Supplied data Start Marker

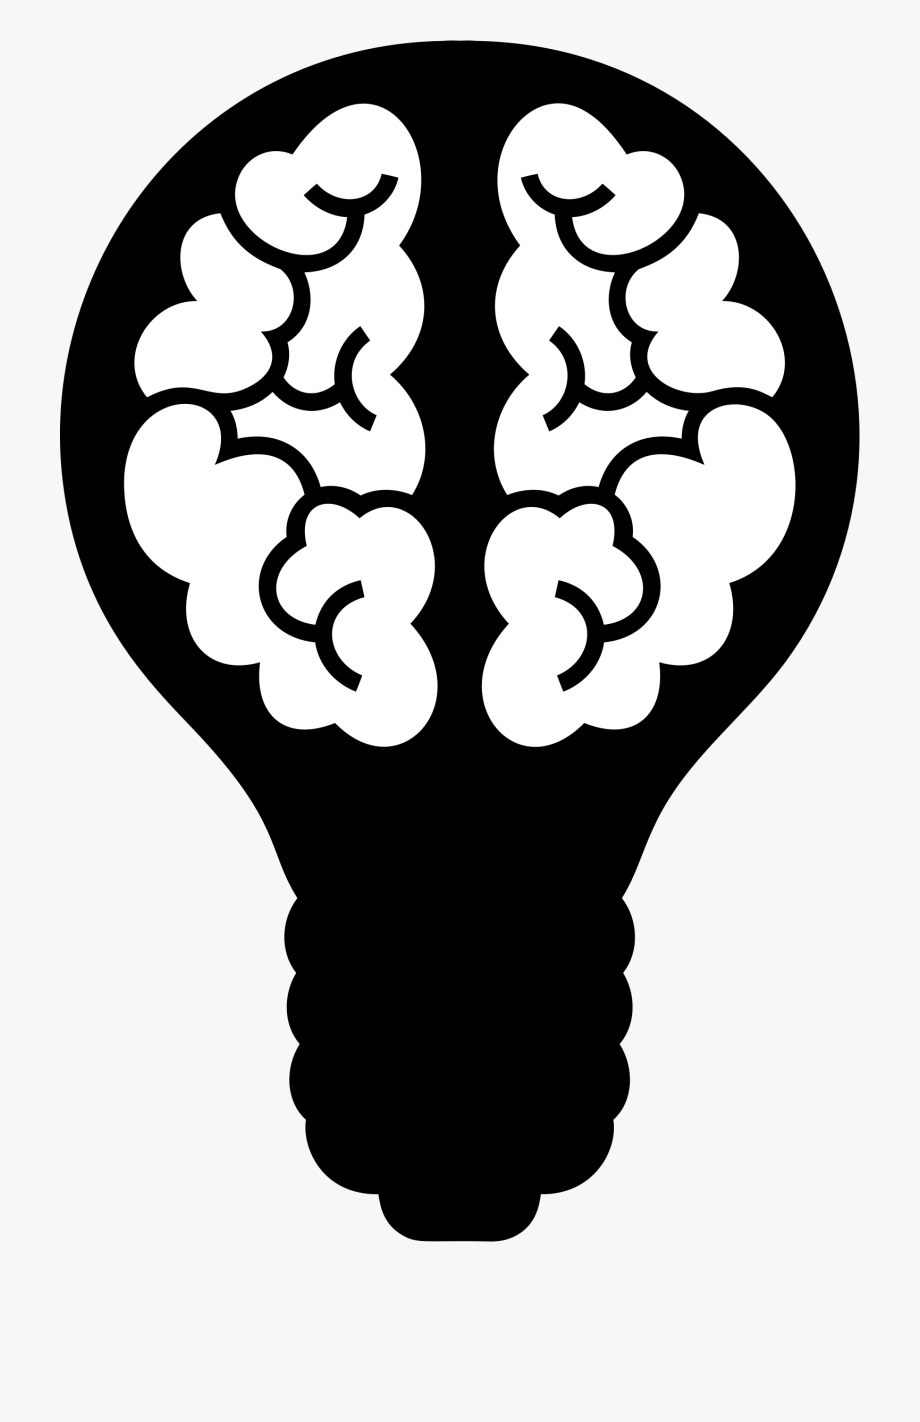 lightbulb clipart brain
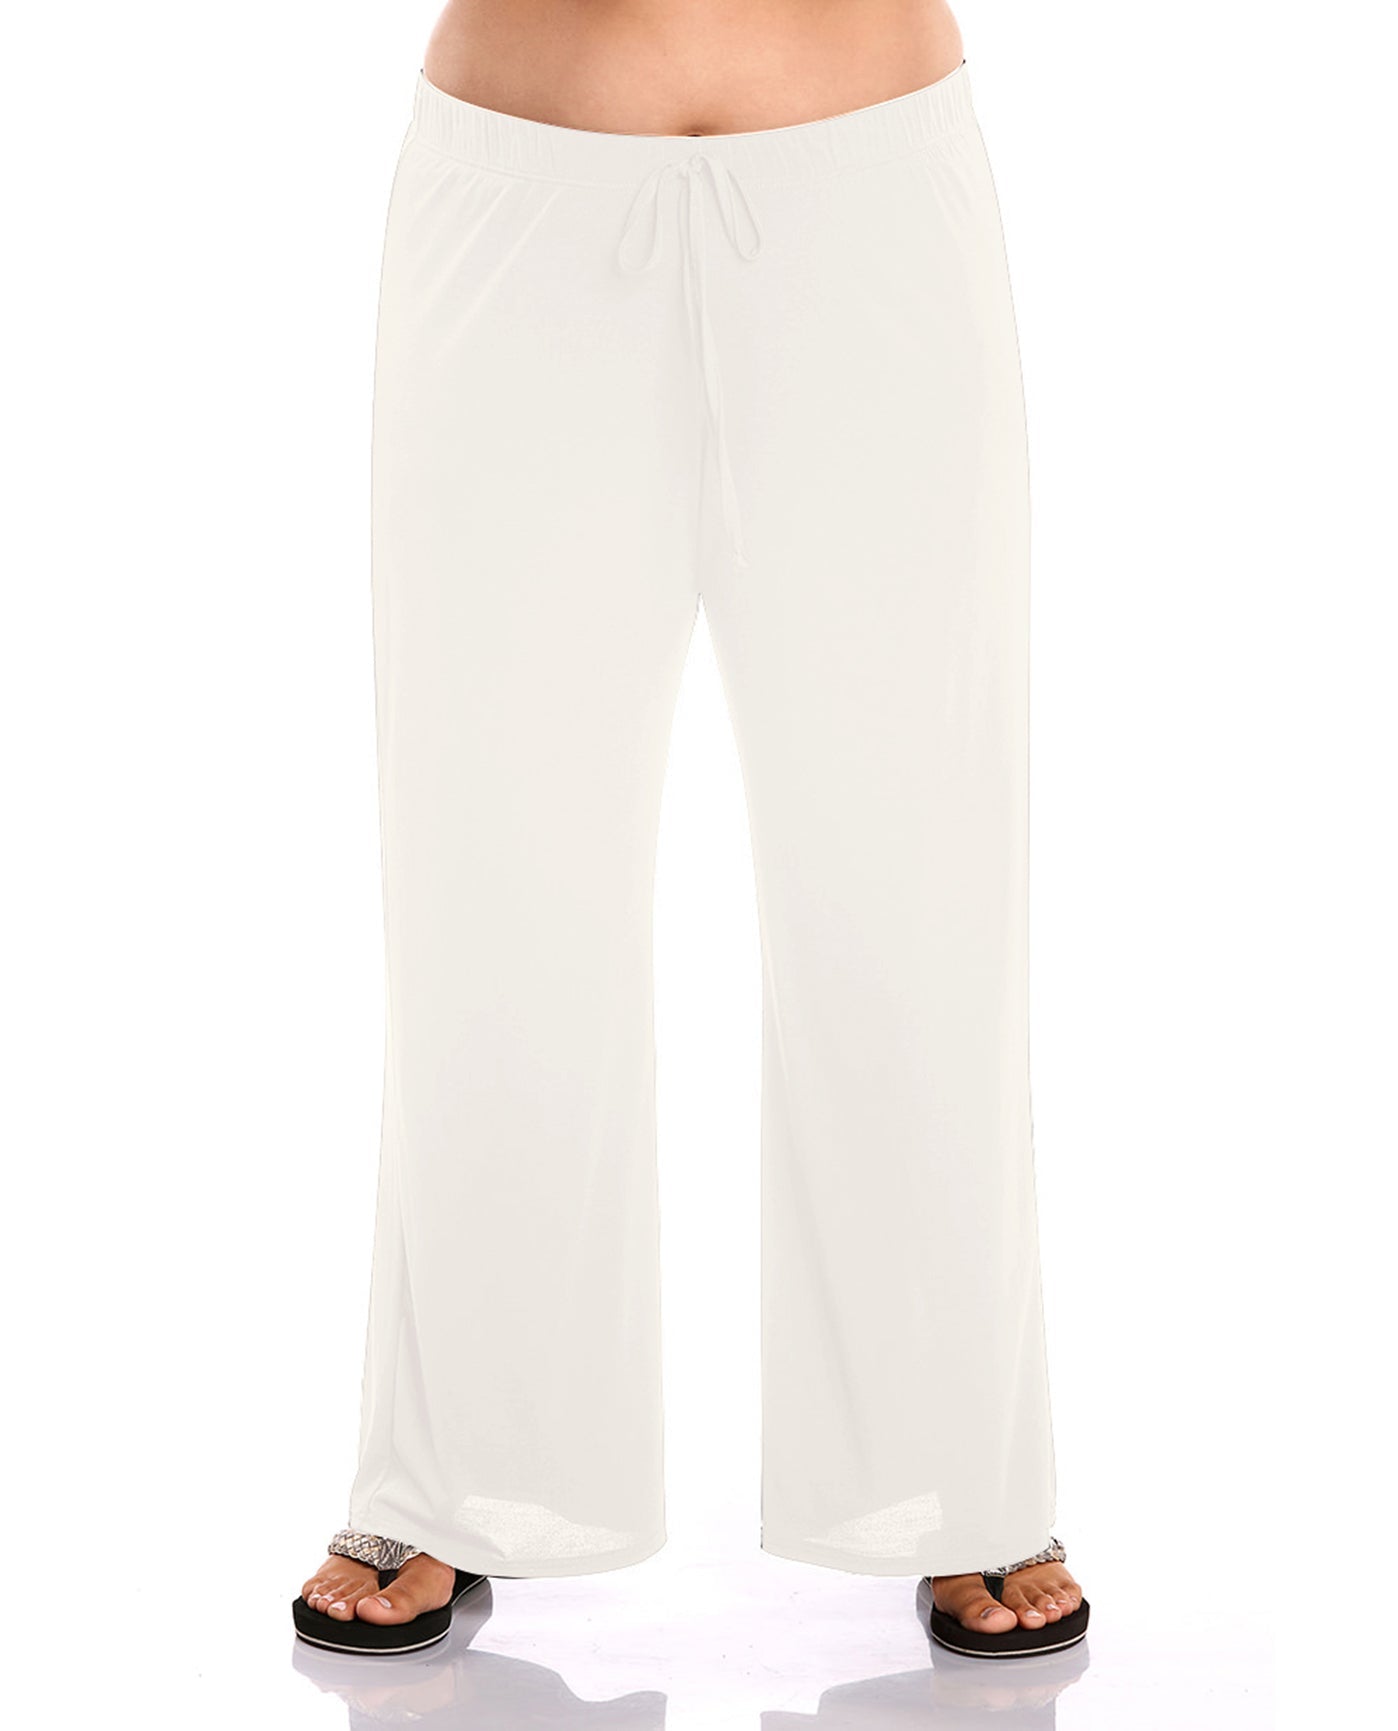 Women's White Cotton Beach Pants & Wide Leg Lounge Pants
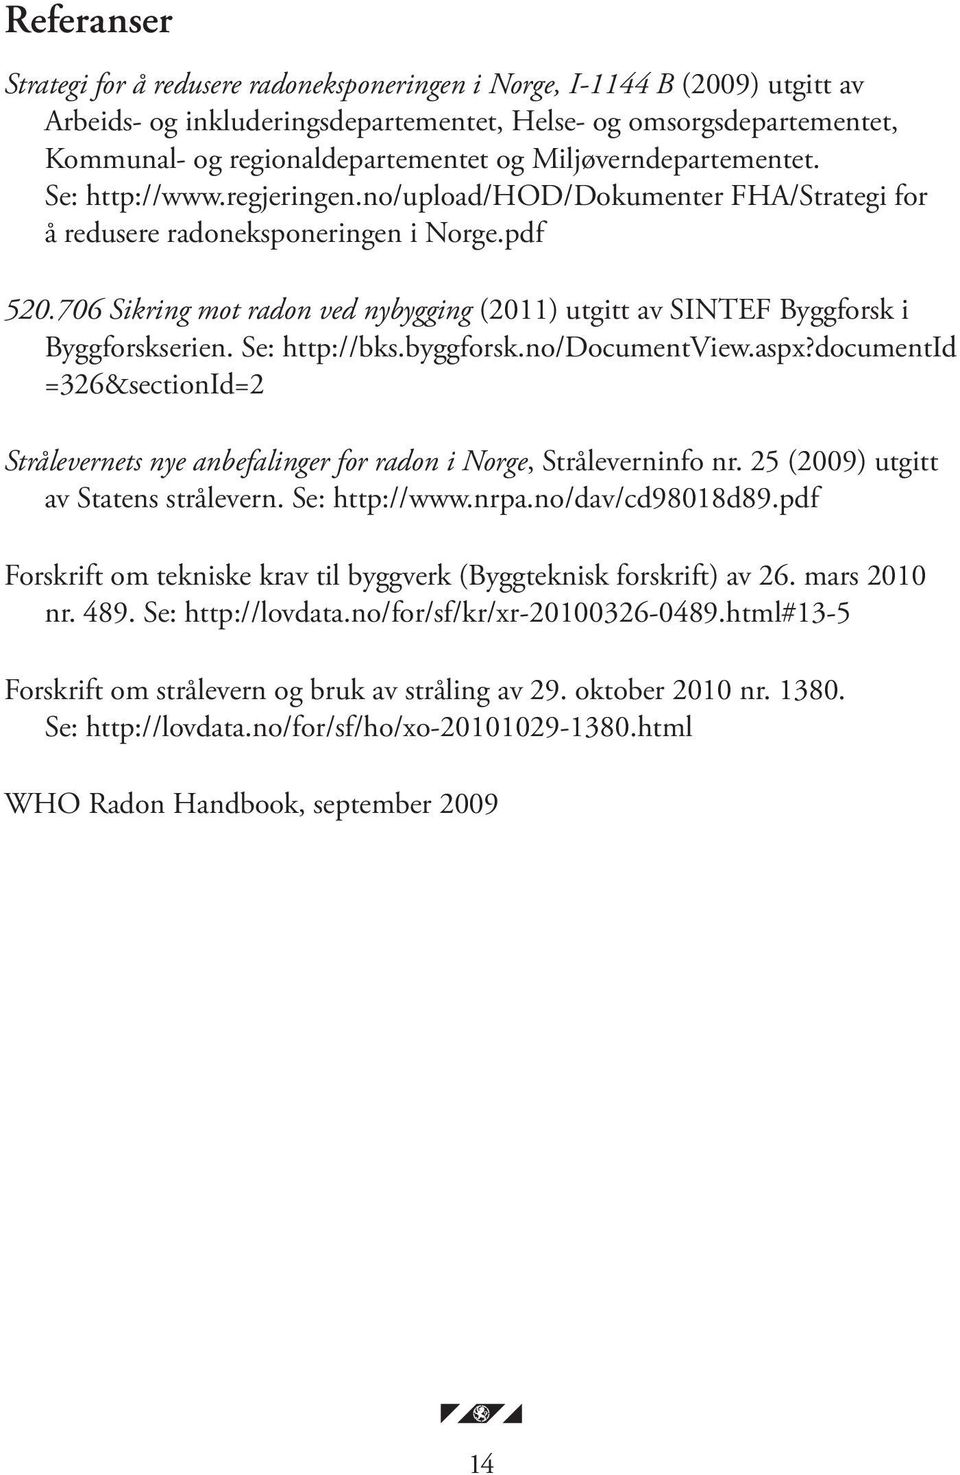 706 Sikring mot radon ved nybygging (2011) utgitt av SINTEF Byggforsk i Byggforskserien. Se: http://bks.byggforsk.no/documentview.aspx?

Supplied data End Marker

=== The task ===
For the material above, repeat each line exactly and leave out the pictures.

=== Exercise answer ===
 lightbulb clipart brain
 Women's White Cotton Beach Pants & Wide Leg Lounge Pants
 706 Sikring mot radon ved nybygging (2011) utgitt av SINTEF Byggforsk i Byggforskserien. Se: http://bks.byggforsk.no/documentview.aspx?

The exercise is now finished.